The beatification process opened in the Diocese of Rome in an informative process that spanned from 16 March 1949 until 9 April 1957. Once the investigations had been completed though two separate processes were held; one was held in Kraków from 23 June 1950 to 2 June 1951 while the other was held in Viviers from 13 May 1931 until 28 May 1951. Her writings were all collated and had to be investigated to determine that such writings adhered to official doctrine; the theologians who viewed them approved them on 12 July 1966. The formal introduction of the cause did not come until 15 October 1981 when she was titled Servant of God.
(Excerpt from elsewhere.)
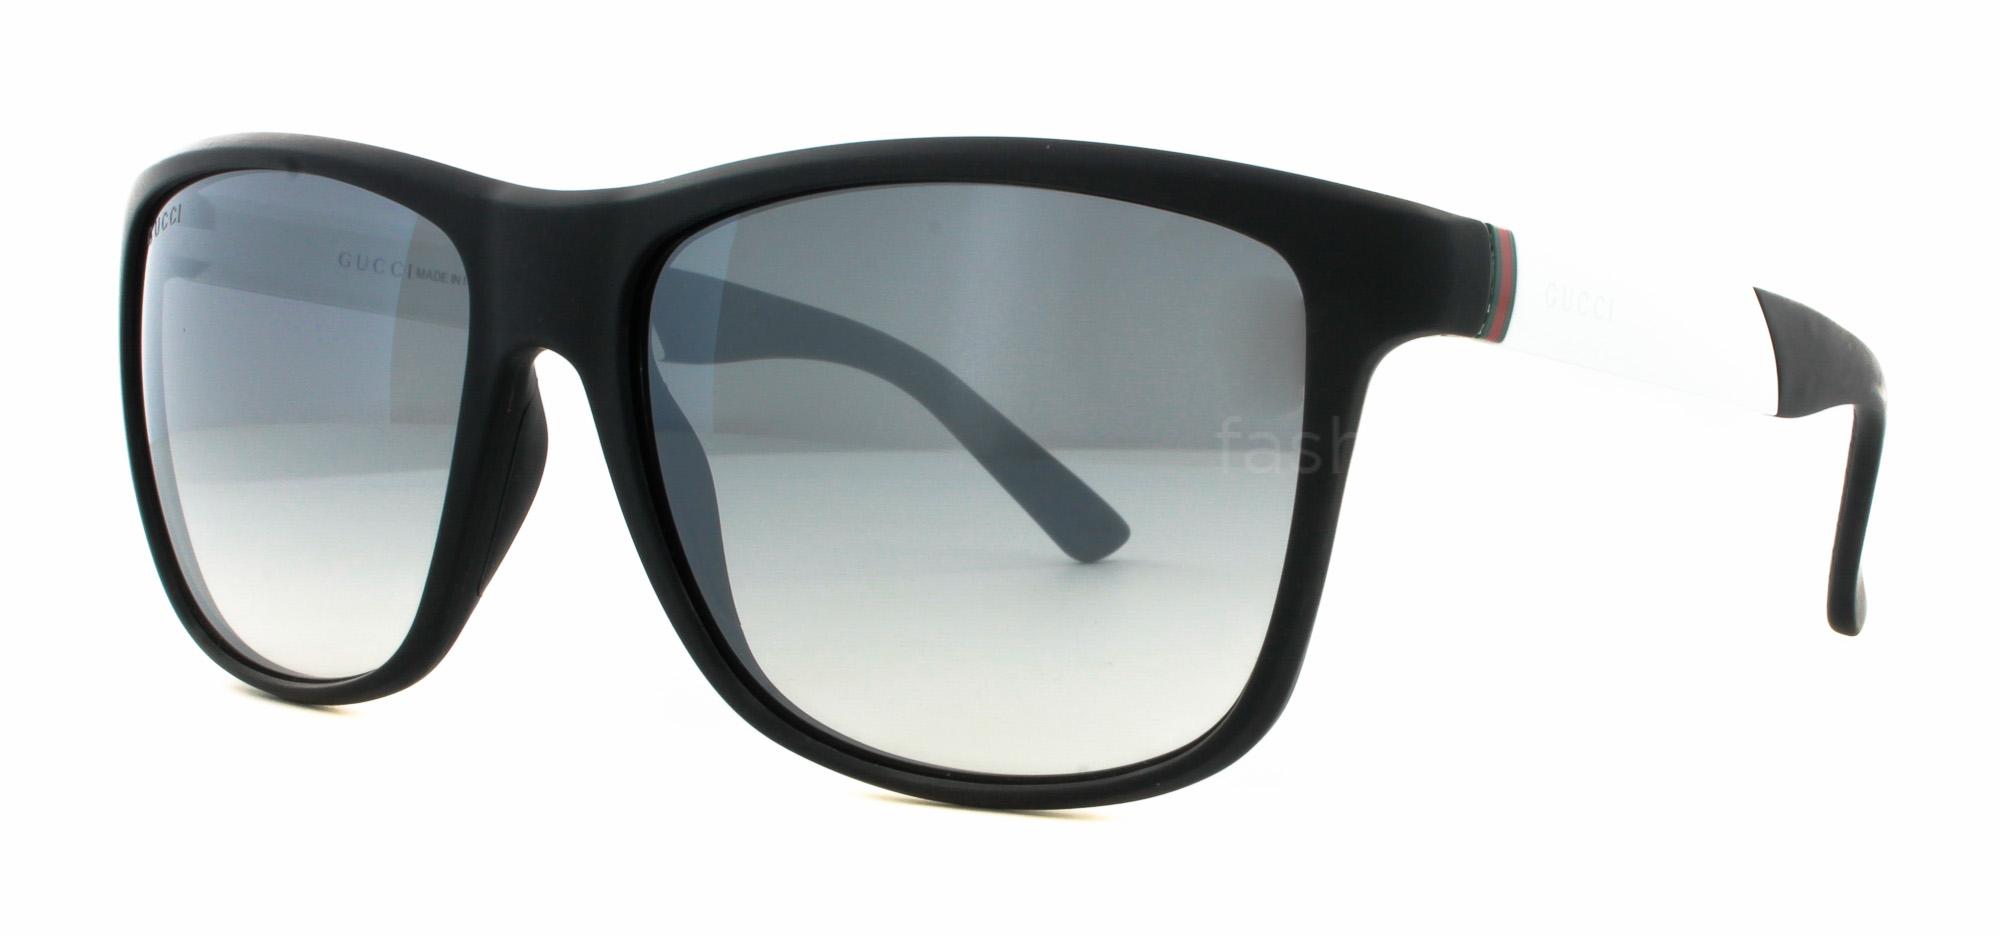 450ca7bc955 Gucci Sunglasses - Discount Designer Sunglasses

The apostolic process was dispensed with so the findings of the investigation thus far were sent to Rome to the Congregation for the Causes of Saints who validated these processes on 10 December 1982. The Congregation and their consultants approved the positio on 18 January 1983 while the Congregation alone gave their independent approval on 29 March 1983. On 14 May 1983 she was named as Venerable after Pope John Paul II confirmed that she had lived a life of heroic virtue.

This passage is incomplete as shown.